DATA EXCERPT ▸
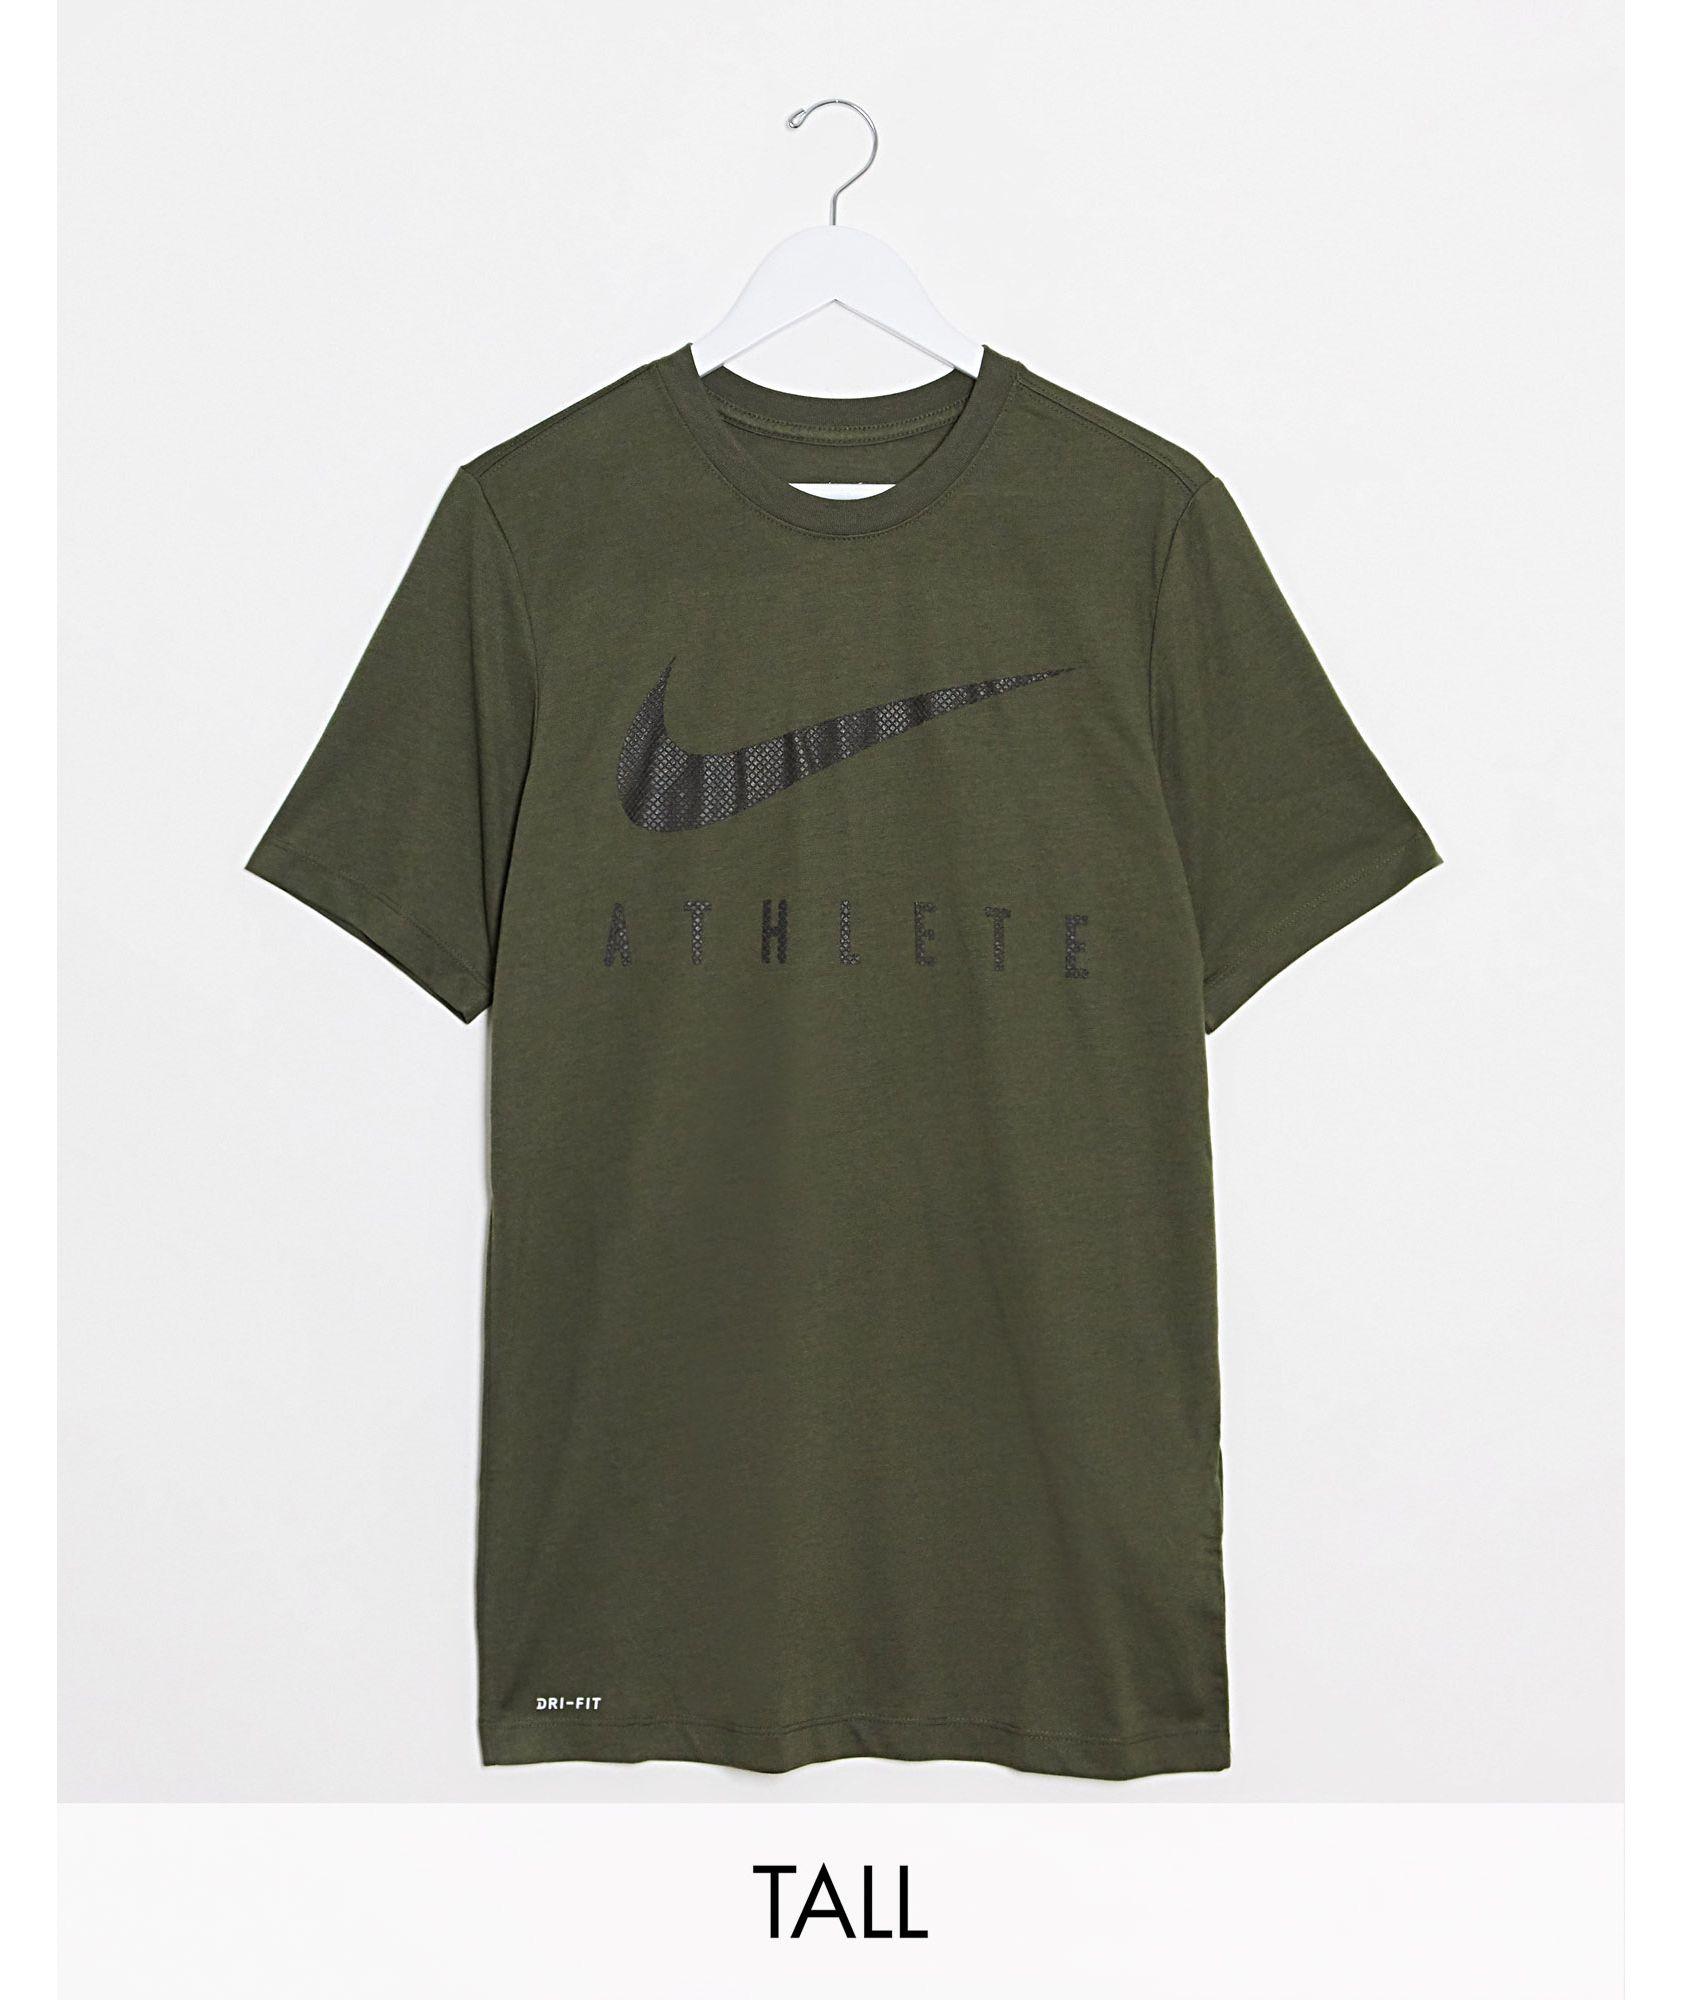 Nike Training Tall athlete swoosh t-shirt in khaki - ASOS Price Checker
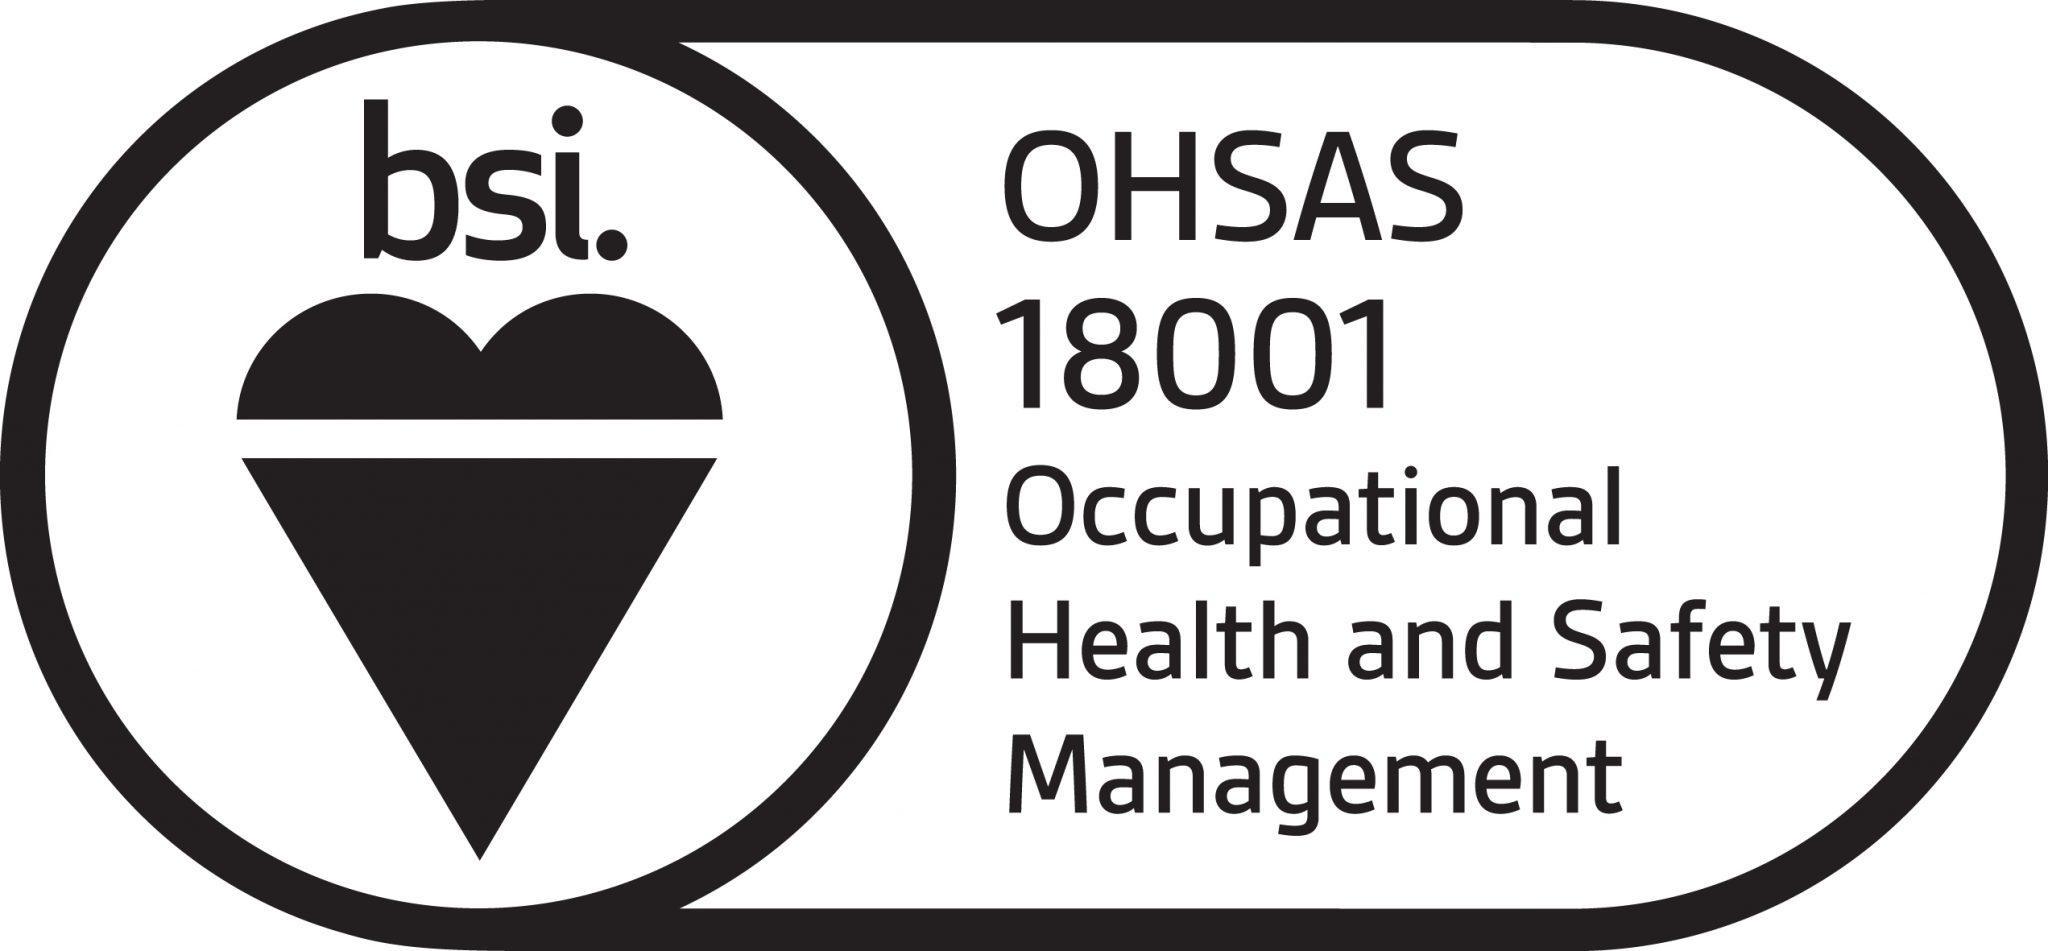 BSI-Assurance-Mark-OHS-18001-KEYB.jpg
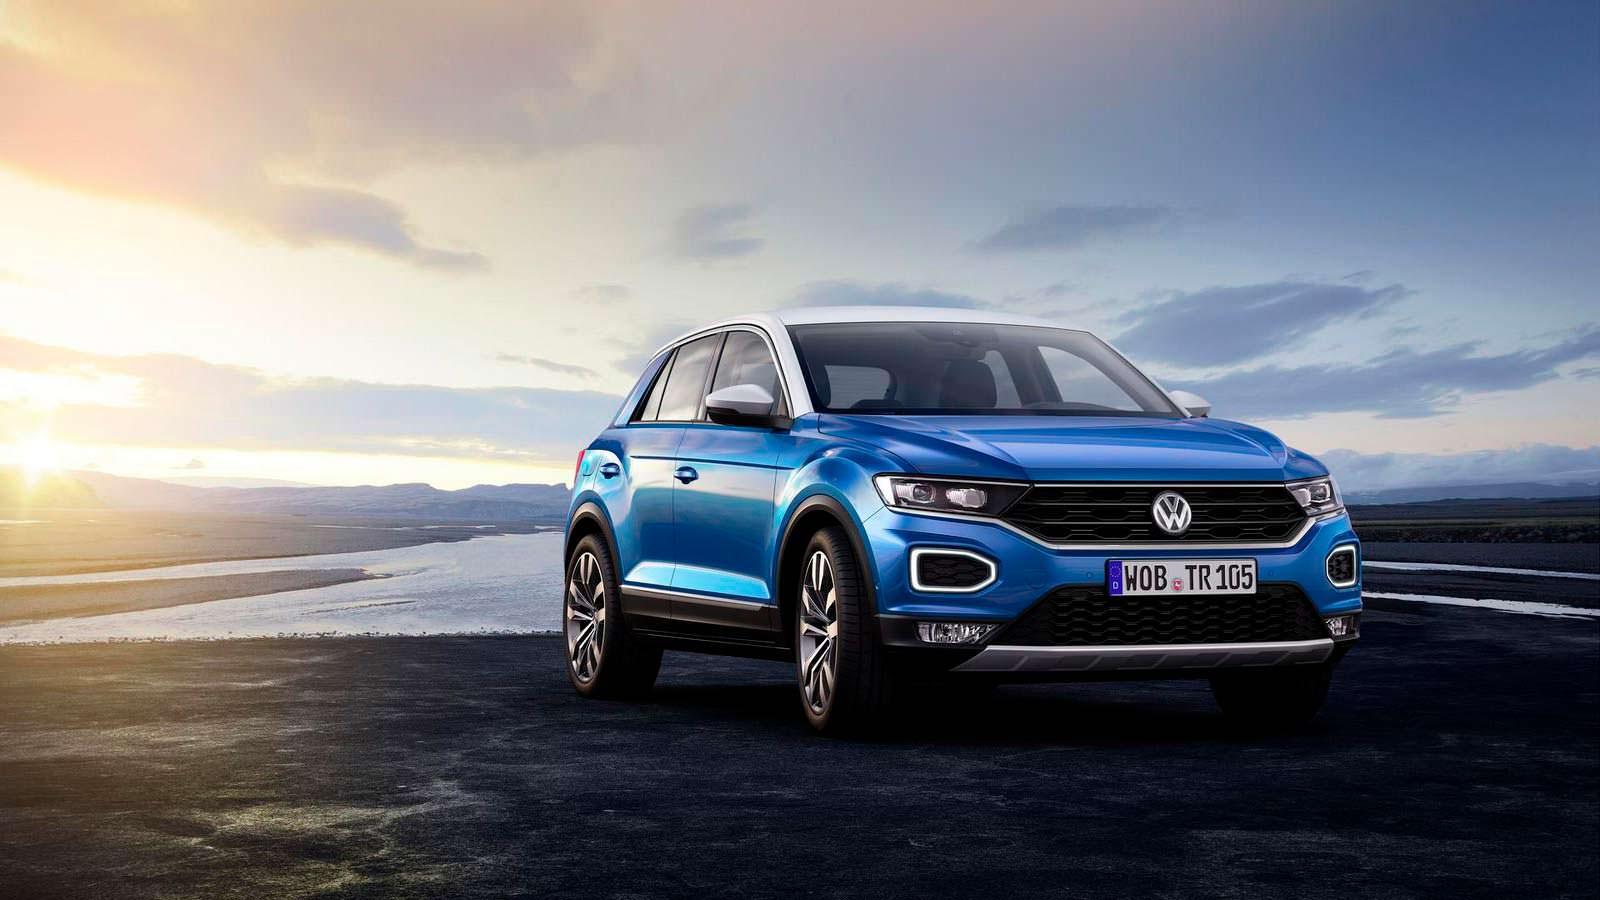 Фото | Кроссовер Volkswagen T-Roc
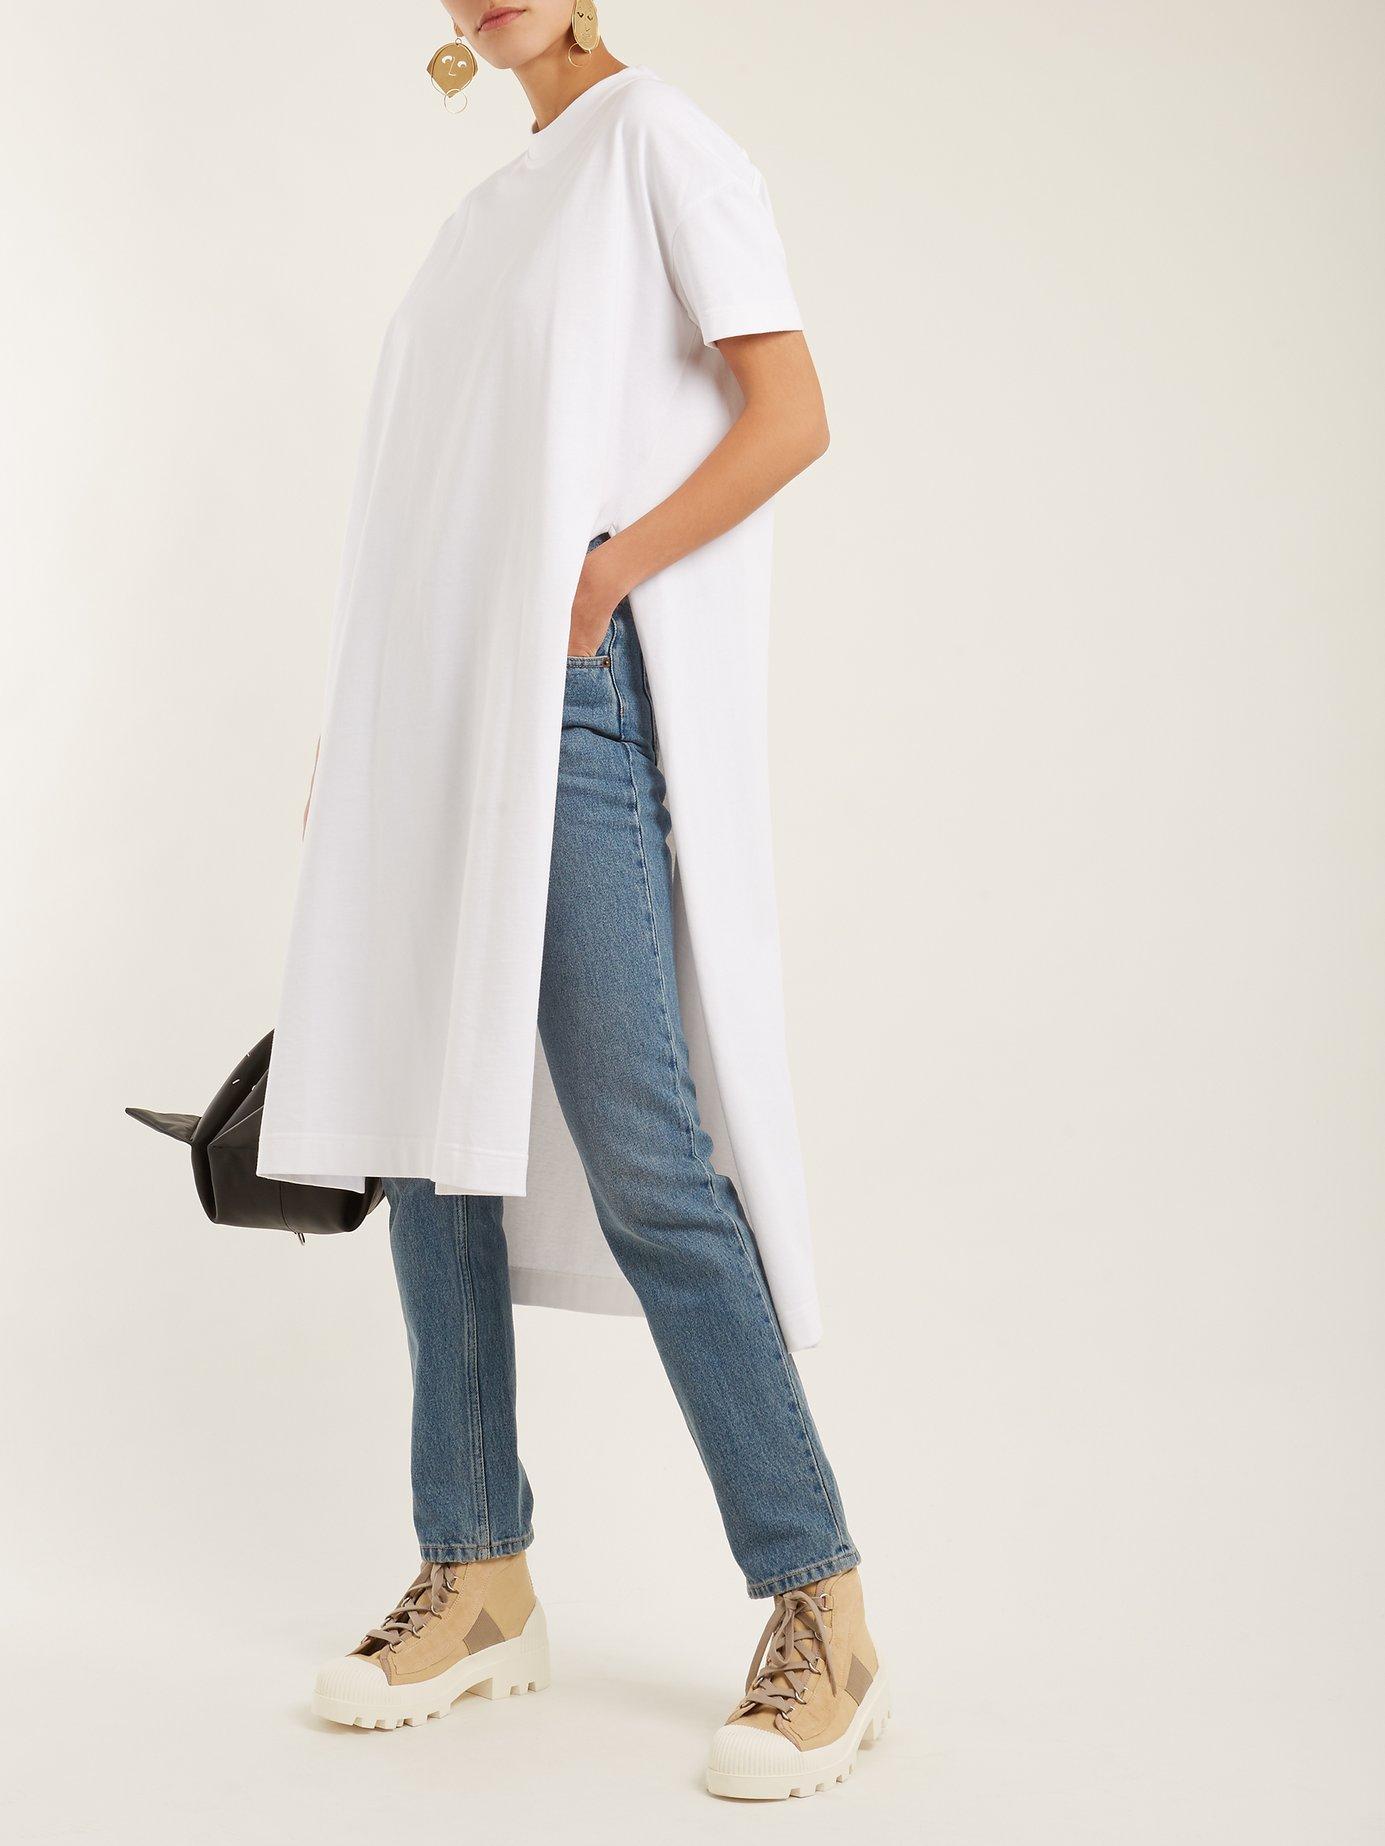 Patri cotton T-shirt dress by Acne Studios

WORK TO BE COMPLETED ▸ Please write out all the data again word for word, but not the pictures.

WORKED SOLUTION ▸
 Nike Training Tall athlete swoosh t-shirt in khaki - ASOS Price Checker
 BSI-Assurance-Mark-OHS-18001-KEYB.jpg
 Фото | Кроссовер Volkswagen T-Roc
 Patri cotton T-shirt dress by Acne Studios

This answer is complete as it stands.